Born in Hebron, Bader as a child watched the
artisans blowing glass making beautiful glassware and the clay masters
forming on their wheels traditional pots and vases, as he became closely
familiar with the Palestinian women's embroidery of Halhoul and Beit Ummar.
He also grew up surrounded with the beautiful traditional woolen rugs made
in Samou village which boast beautiful bright colors of yellow, orange,
deep red, and blue. The beautiful Islamic calligraphy and art found in
Hebron's famous religious site, the Ibrahimi mosque, also became part of
the artist's aesthetic constitution.
All of these elements and motifs can be found
prominently displayed in his mural work at the Grand Park Hotel and Al
Ayyam Newspaper headquarters in Ramallah. His motifs of the pigeon, recurrent
in almost all his works, the window overlooking another horizon, the simplified
figures of women with long braided hair ( see front cover), Arabic calligraphy,
and embroidery all come together to form a distinct expression of folkloric
material in a contemporary outfit. The use of poetry verses quoted from
famous Arab and Palestinian poets gives a special character to each mural
relevant to its surroundings, its date, and its expression.

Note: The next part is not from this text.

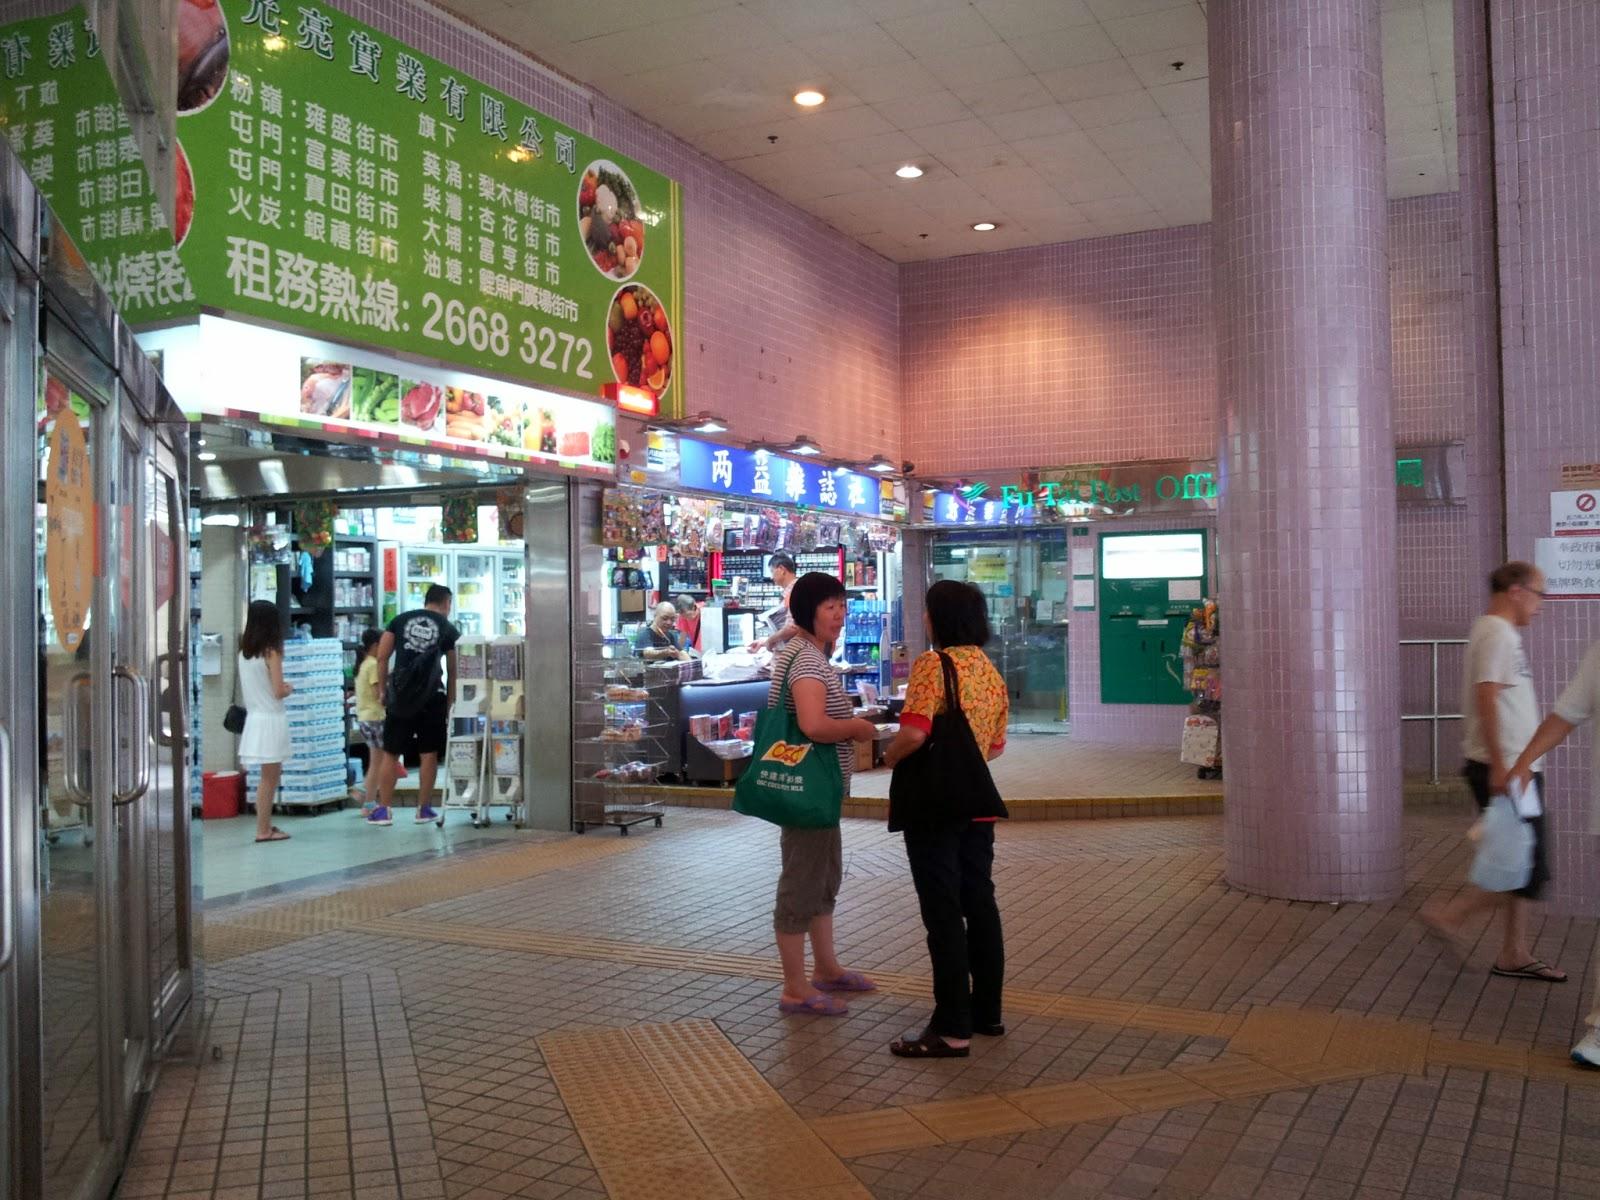 Grassroots O2: 巡視業務.領匯.富泰商場 @2014-08-02
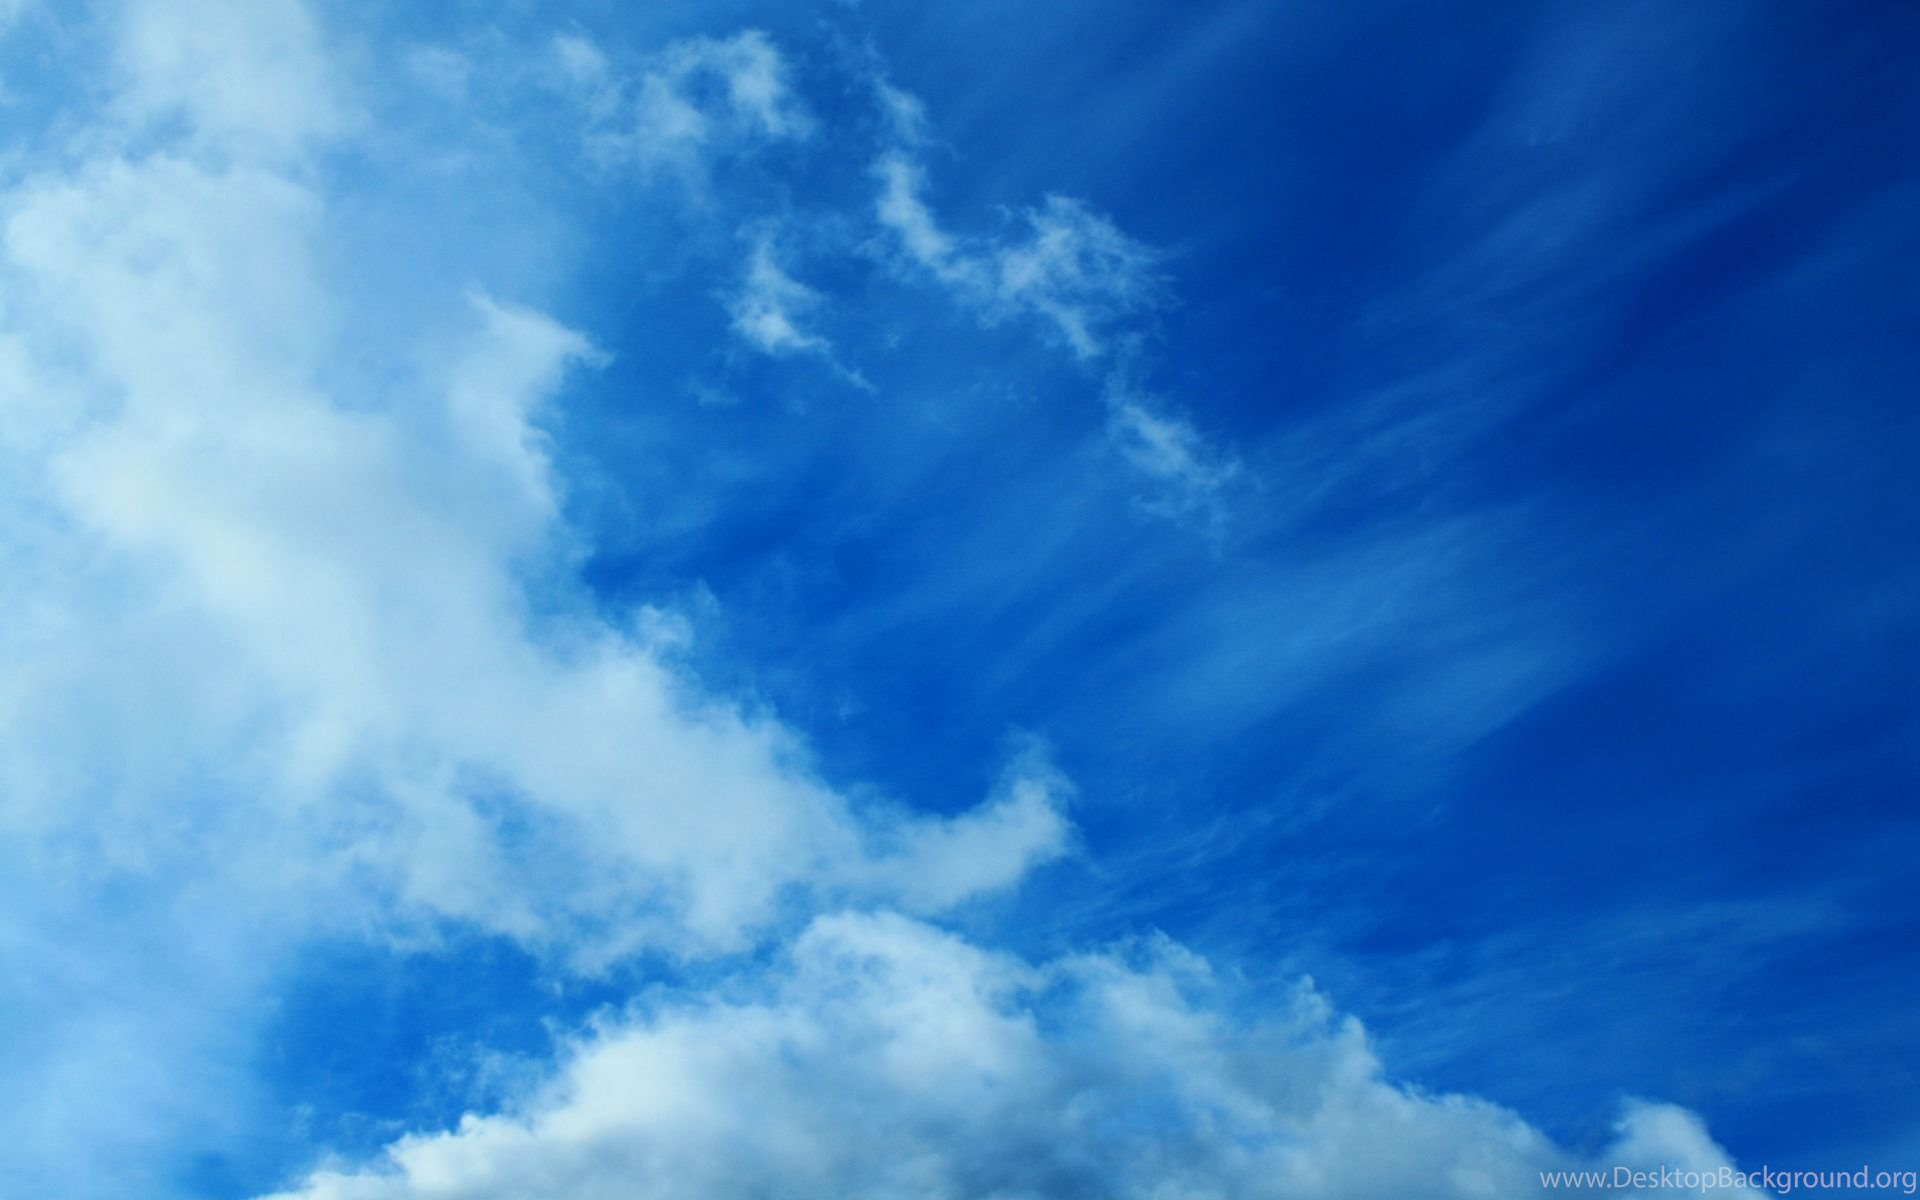 Full HD Wallpapers + Nature, Sky, Clouds, Blue Desktop

Bader views his murals as a part of the development
of local architecture, whereby the architect or the owner of the building
reserve a space in their structure for a ceramic mural that will become
an integral part of the building. The mural could constitute a part of
its external structure as in The Grand Park Hotel, or the Ramallah Municipality,
or its internal design as in Al Ayyam Newspaper headquarters in Ramallah.
With the construction boom in Palestine, and particularly in Ramallah,
and the rising 5 and 6 and 10 storey buildings of straight plain white
stone, Baders' work adds a certain charm and character to local architecture,
which seems to be developing into cubicles of white stone set against the
gray background of construction gravel.
For more information,
contact Issam Bader at his gallery in Ramalah 052-774717.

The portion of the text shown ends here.